DID THE USDA JUST DECEIVE AMERICA?
Op-ed by Bill Bullard, CEO, R-CALF USA
On January 9, 2019, The Washington Post article titled “Trump farm bailout money will go to Brazilian-owned meatpacking firm, USDA says” reveals that the U.S. Department of Agriculture (USDA) is deceiving the American public.
The Washington Post article stated that one of the biggest meatpacking firms in the world, Brazilian-owned JBS, will receive about $5 million of the $12 billion assistance program the USDA had earlier announced would go to help American farmers whose prices were depressed by retaliatory trade action by China and other countries.
The Washington Post went on to quote the USDA’s defense for using millions of taxpayer dollars to subsidize the Brazilian behemoth rather than directly helping America’s farmers.
According to The Washington Post, the USDA stated that the products the USDA will buy are ‘100 [percent] American produced’ and that the ‘USDA only buys American commodities, produced on American farms by American farmers.’
To be polite, this is absolutely untrue.
Under the current North American Free Trade Agreement (NAFTA), and now memorialized in the Trump Administration’s proposed NAFTA replacement, the U.S.-Mexico-Canada Agreement or USMCA, all the beef and pork derived from imported live cattle and hogs from Canada and Mexico that are slaughtered in the United States is deemed to be a product of the United States. This means the beef and pork from cattle and hogs that spent their entire lives in Canada and Mexico and then trucked into the Unites States for immediate slaughter is yet considered by the USDA as a product produced by the American farmer.
We’re talking about a very large volume of pork produced from imported Canadian hogs that meatpacking giants like JBS can falsely claim as American made.

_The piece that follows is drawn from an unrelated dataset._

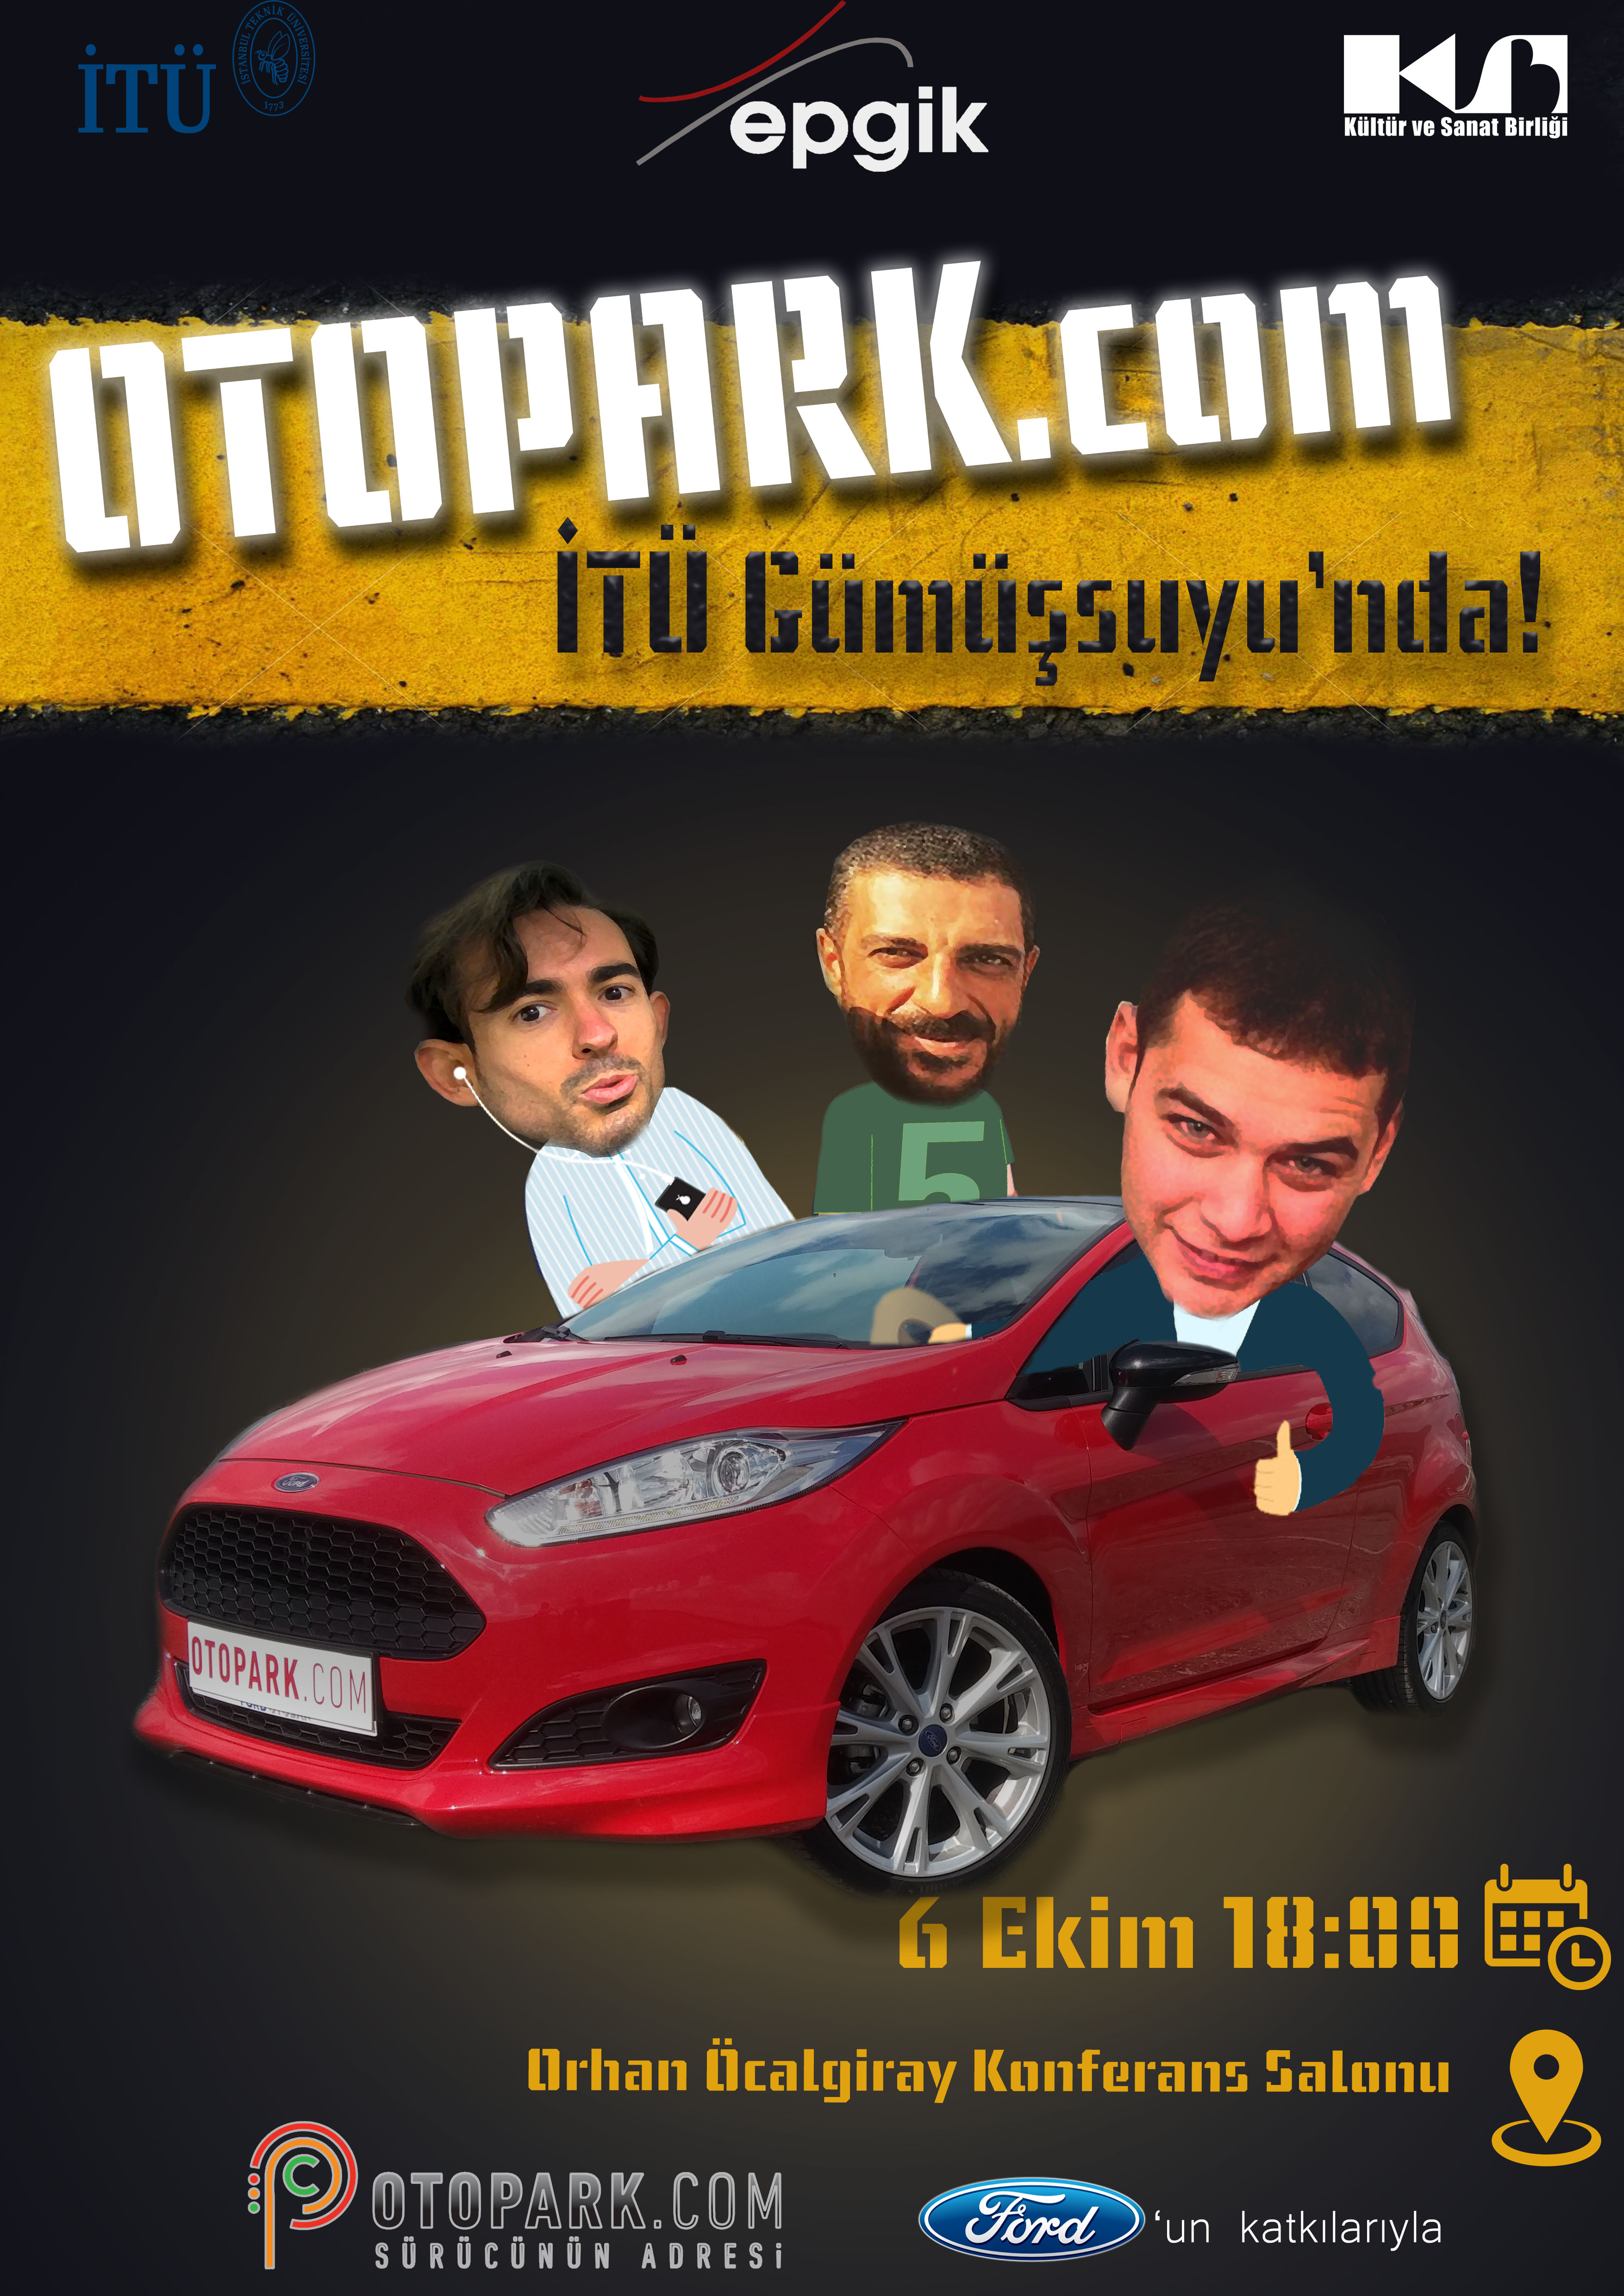 Photo of İTÜ'deyiz!

In 2017, for example, the U.S. imported 5.6 million Canadian hogs and in previous years over 10 million have been imported.
In fact, all of the 1.8 million pounds of pork that JBS now plans to sell for about $5 million to the USDA under the trade-related assistance program could well be derived solely from hogs imported from Canada.

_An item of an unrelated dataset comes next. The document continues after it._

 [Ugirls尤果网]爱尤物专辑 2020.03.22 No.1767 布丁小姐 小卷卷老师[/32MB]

The past Bush Administration corrected this fraudulent practice in 2002 by passing the Mandatory Country-of-Origin Labeling (COOL) law that reserved the product of USA label only for pork and beef that was exclusively born, raised and slaughtered in the United States. However, the Obama Administration repealed the COOL law for beef and pork in 2015.
Since COOL’s repeal, neither the USDA nor the public have a clue as to which meat was produced by American farmers versus which meat was produced by foreign farmers and then slaughtered in the United States by foreign meatpacking firms.

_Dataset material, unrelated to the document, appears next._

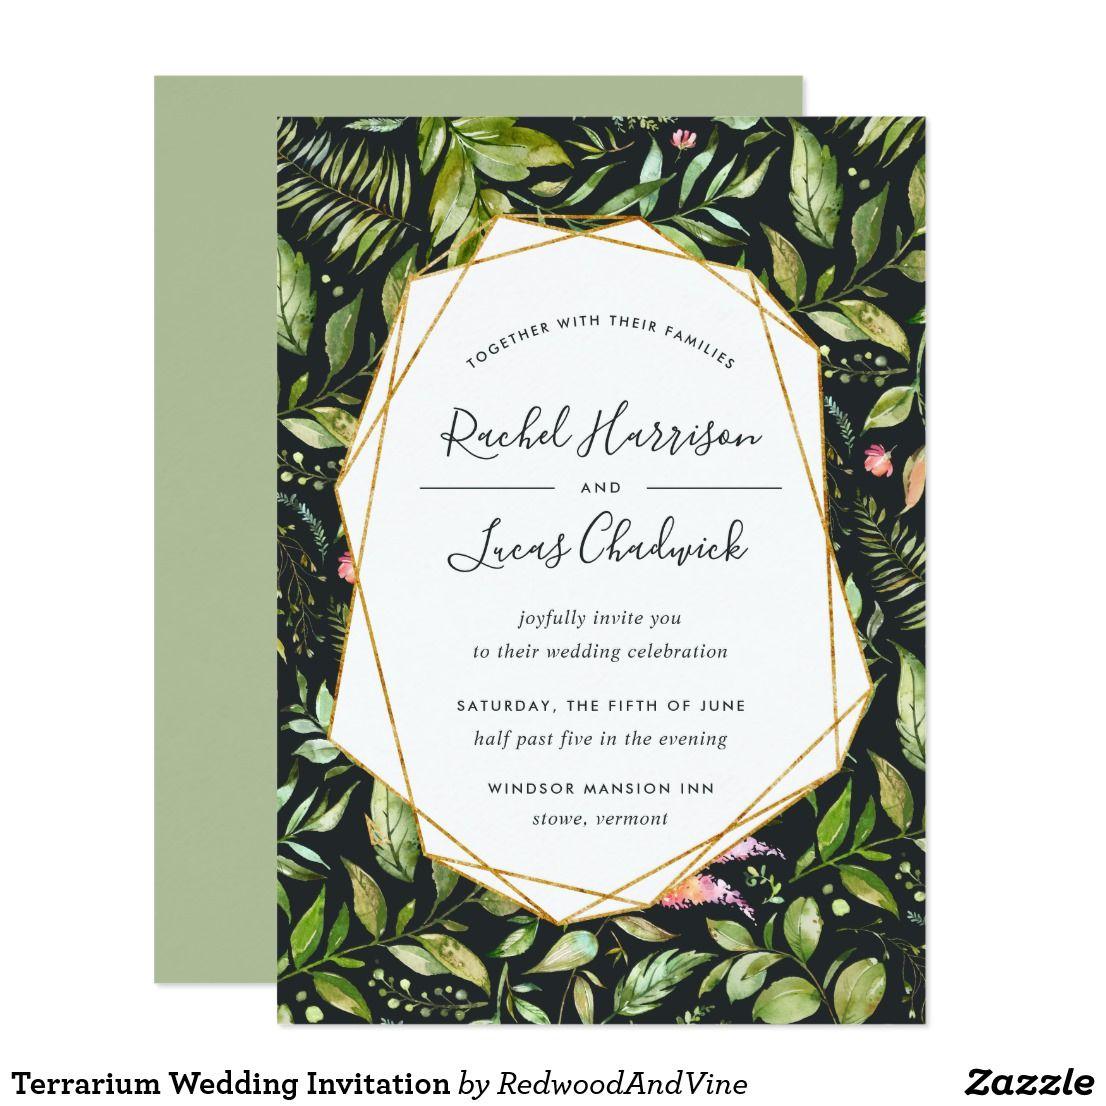 Terrarium Wedding Invitation | Invites wedding, Favors and Wedding

Consumer groups like Food & Water Watch and cattle groups like the Ranchers-Cattlemen Action Legal Fund, United Stockgrowers of America (R-CALF USA) continue to urge the Trump Administration to reinstate COOL for beef and pork to end the fraudulent practice of passing imported meat off to unsuspecting consumers as if it were produced under U.S. food safety laws by America’s farmers.
Unfortunately, the meatpacking lobby, particularly the North American Meat Institute (NAMI) and the National Cattlemen’s Beef Association (NCBA), which represent the interests of monolithic international meatpackers, has clearly courted favors from President Trump to keep consumers in the dark and the corporate subsidies flowing.
Bill Bullard is the CEO of R-CALF USA, the nation’s largest non-profit trade association exclusively representing the U.S. cattle industry.